* TASK REQUIREMENTS
An exact copy of the listing below is needed, with no pictures in it.

* INFORMATION PROVIDED
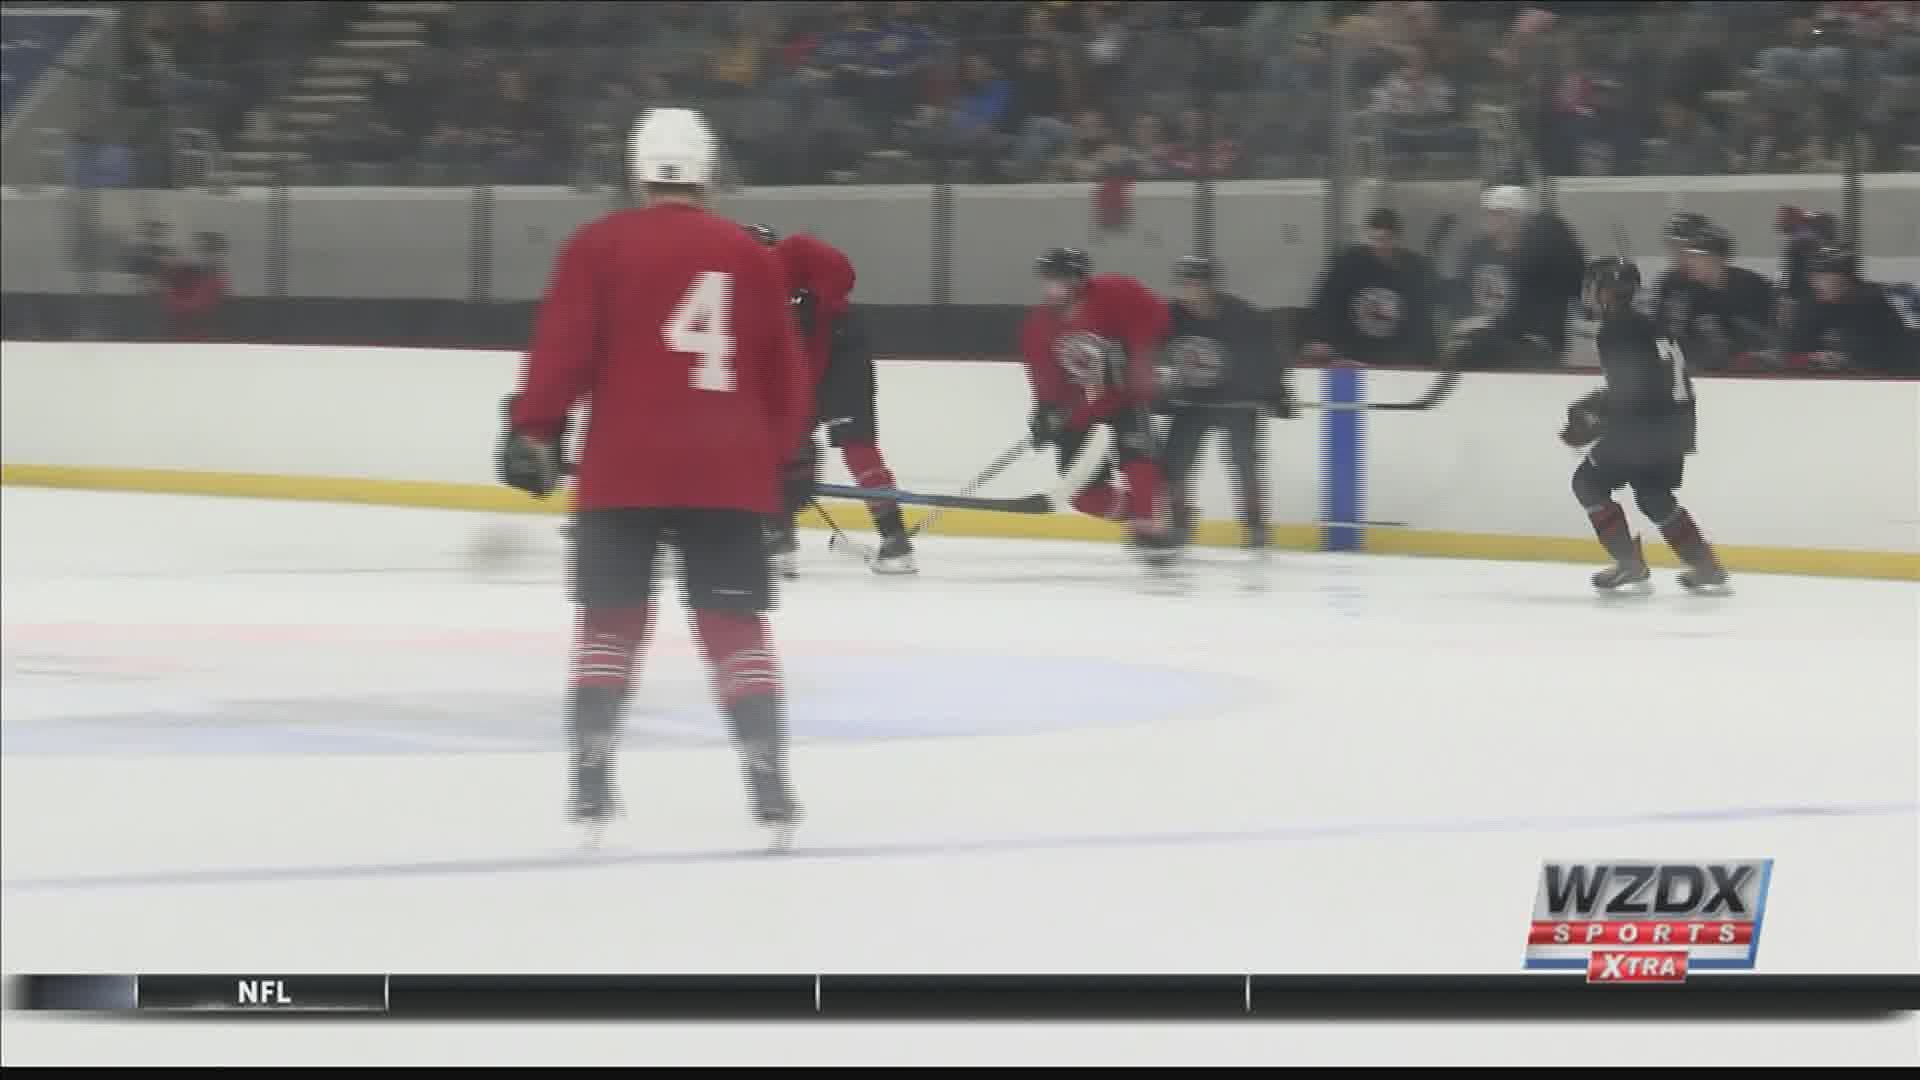 This weekend, the Huntsville Havoc were back in action at the Von Braun Center. The former SPHL Champions held their final free agent scrimmage for fans to enjoy.
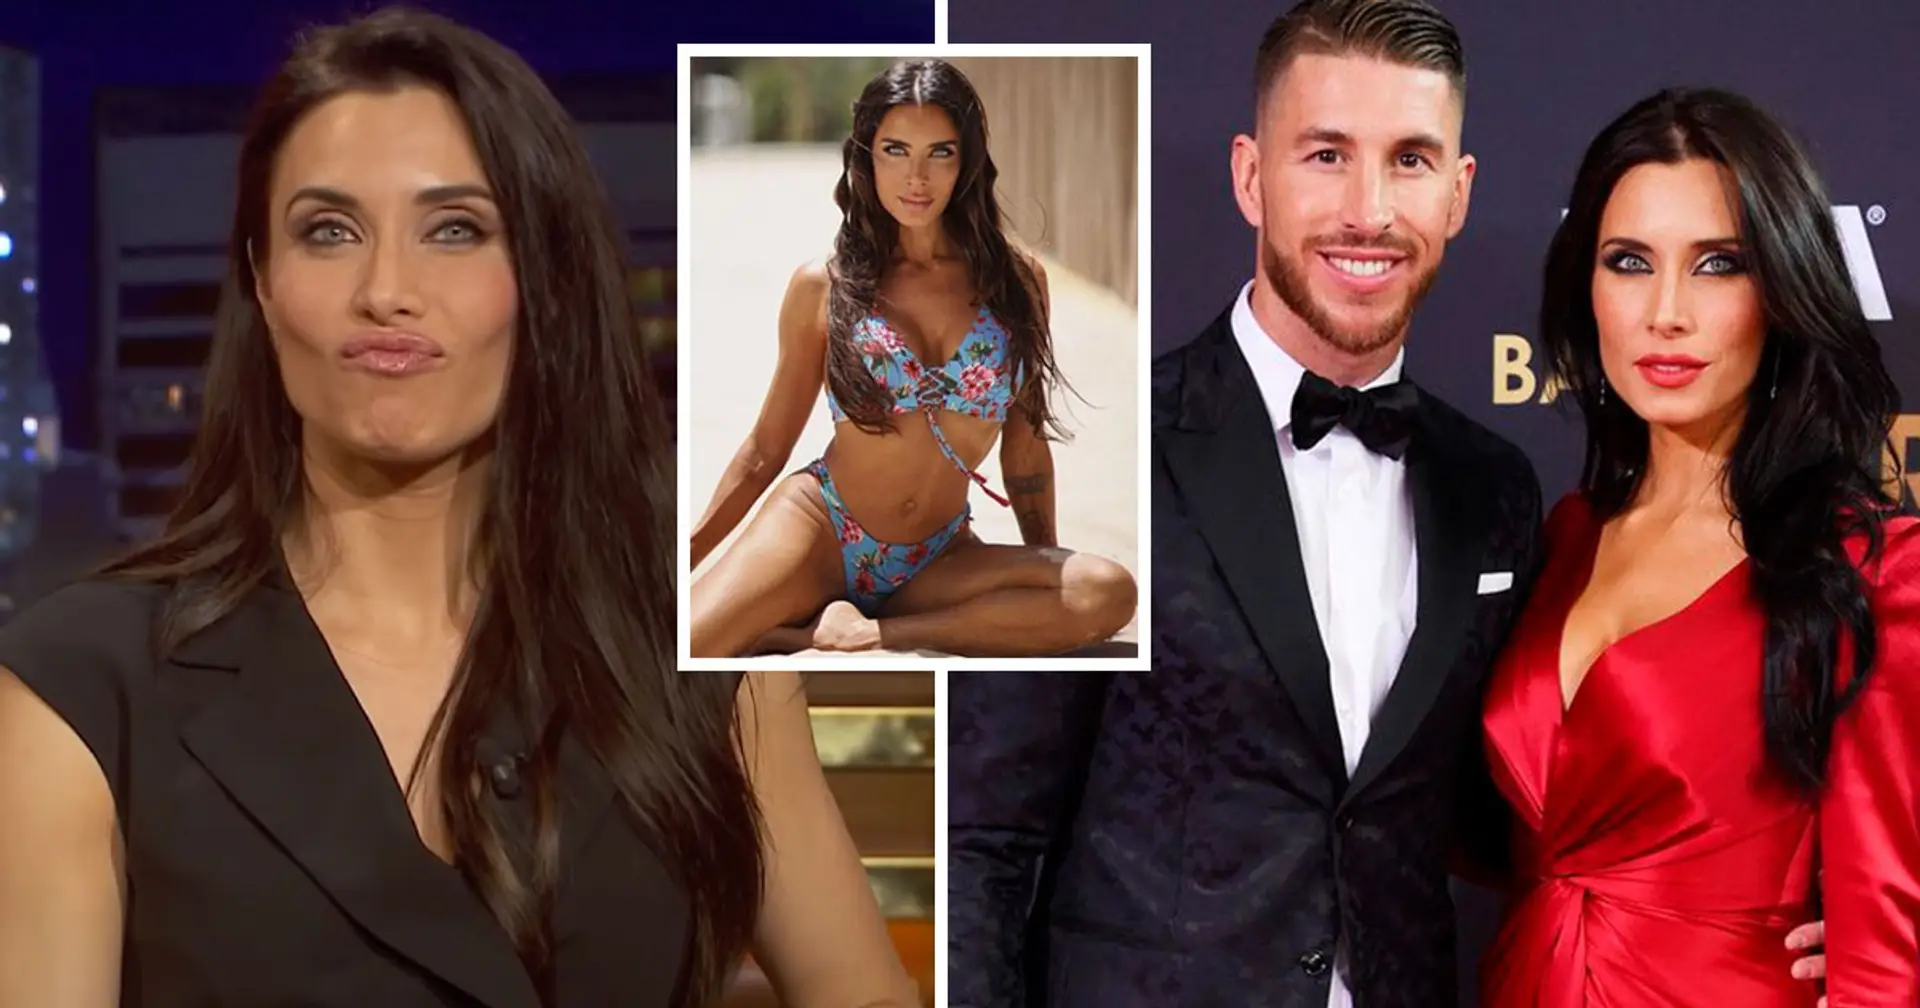 My children are in bed at 9.30pm. Sex is life': Pilar Rubio she has sex with her husband Sergio Ramos every day - Football | Tribuna.com
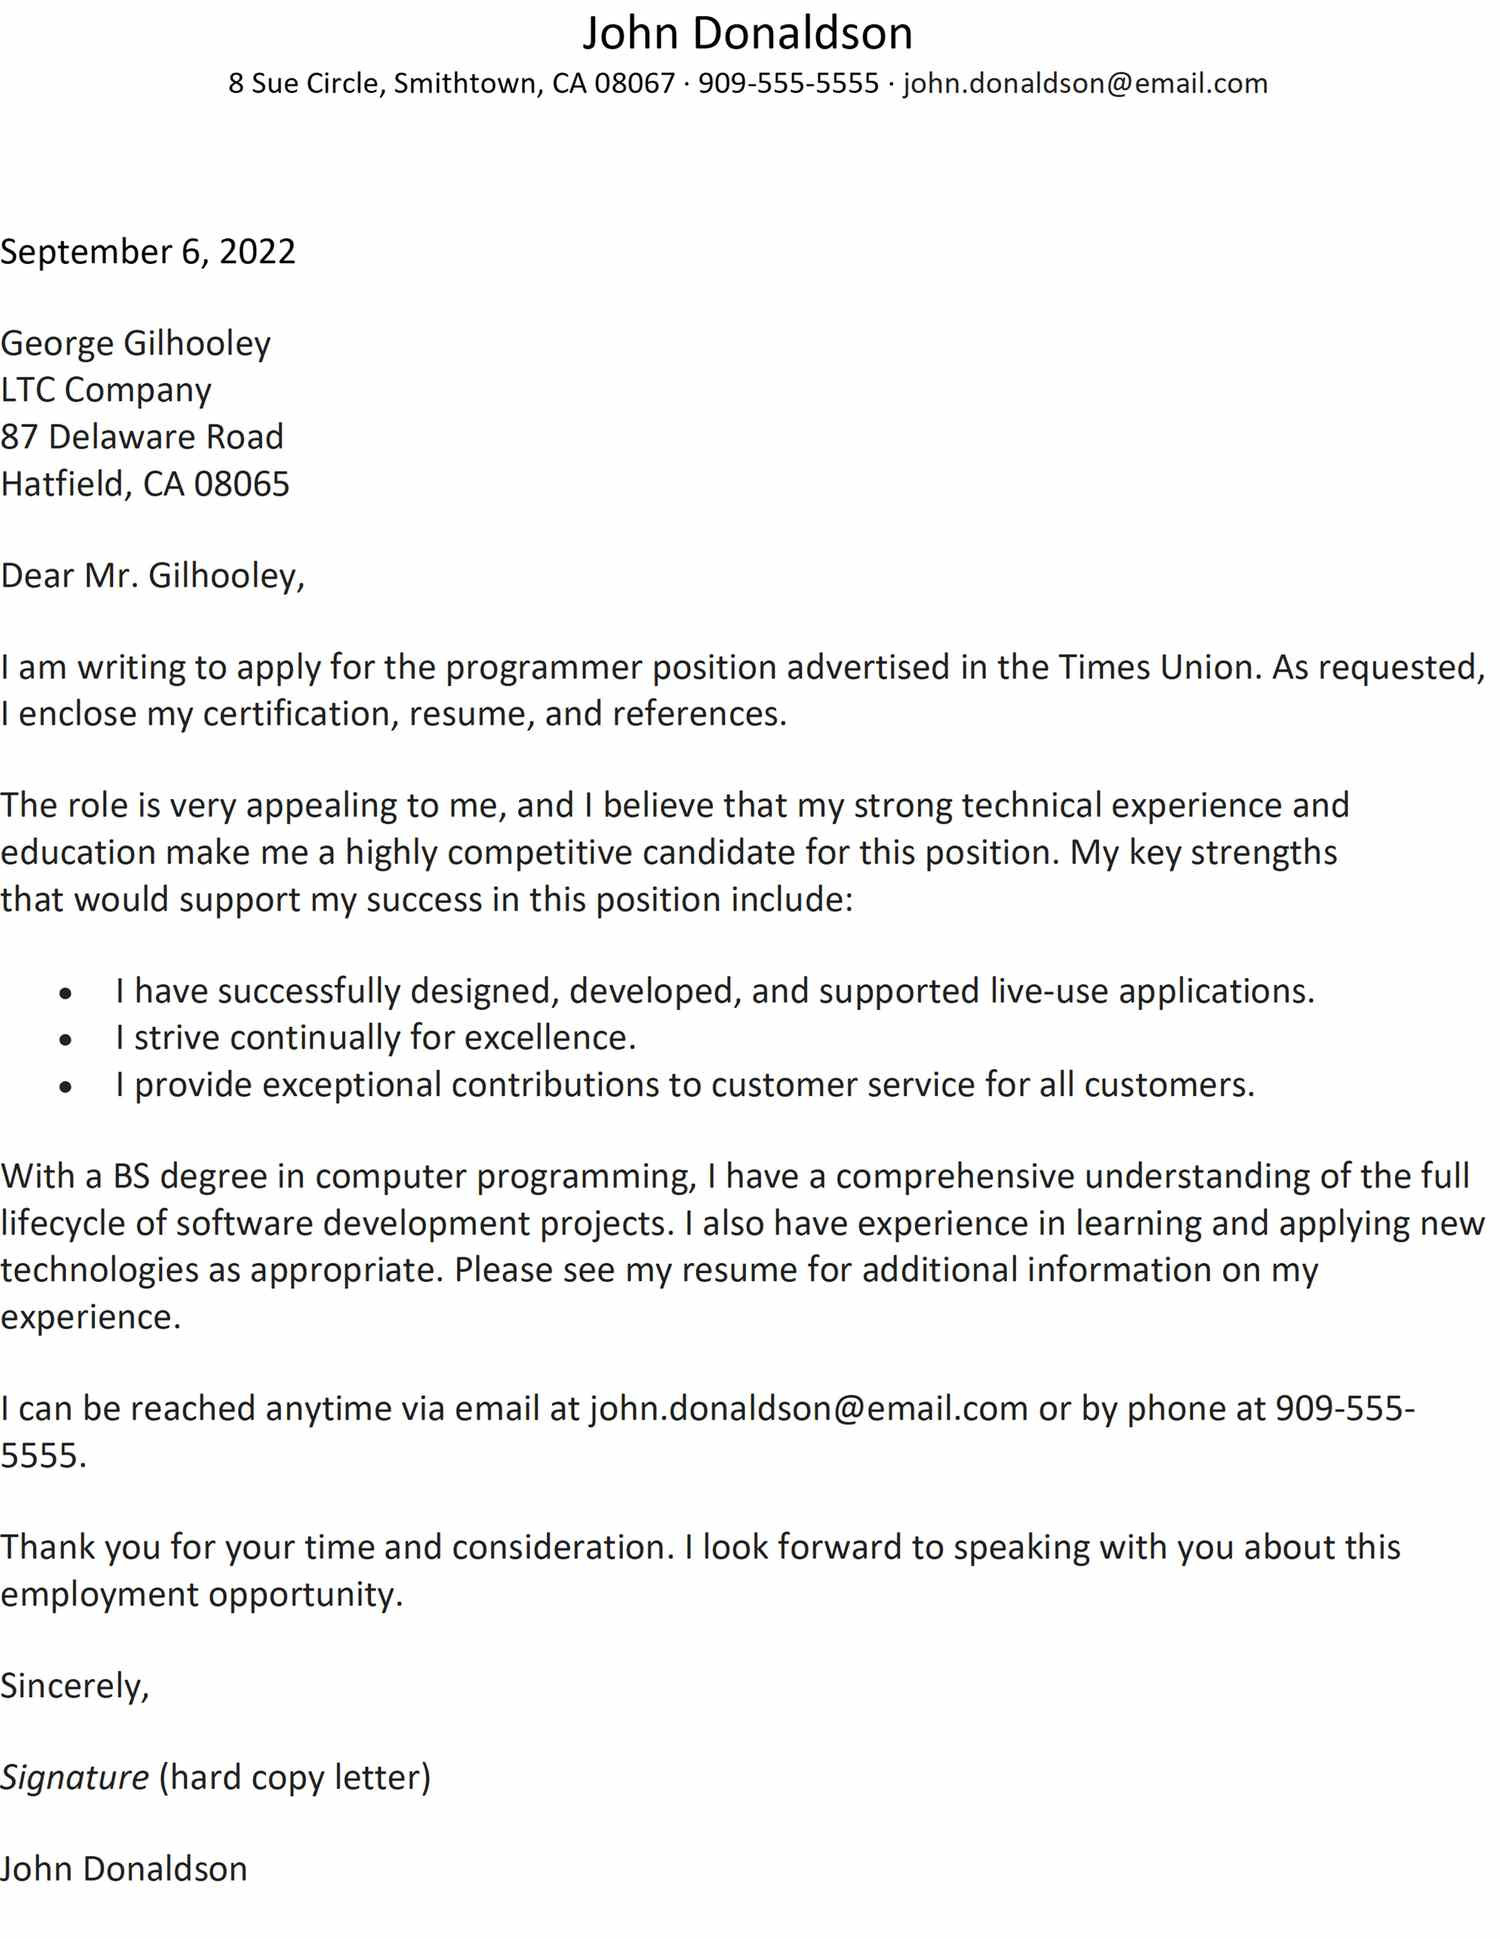 Sample Of A Great Resume Cover Letter Sample Cover Letter for A Job Application

* RESPONSE
 This weekend, the Huntsville Havoc were back in action at the Von Braun Center. The former SPHL Champions held their final free agent scrimmage for fans to enjoy.
 My children are in bed at 9.30pm. Sex is life': Pilar Rubio she has sex with her husband Sergio Ramos every day - Football | Tribuna.com
 Sample Of A Great Resume Cover Letter Sample Cover Letter for A Job Application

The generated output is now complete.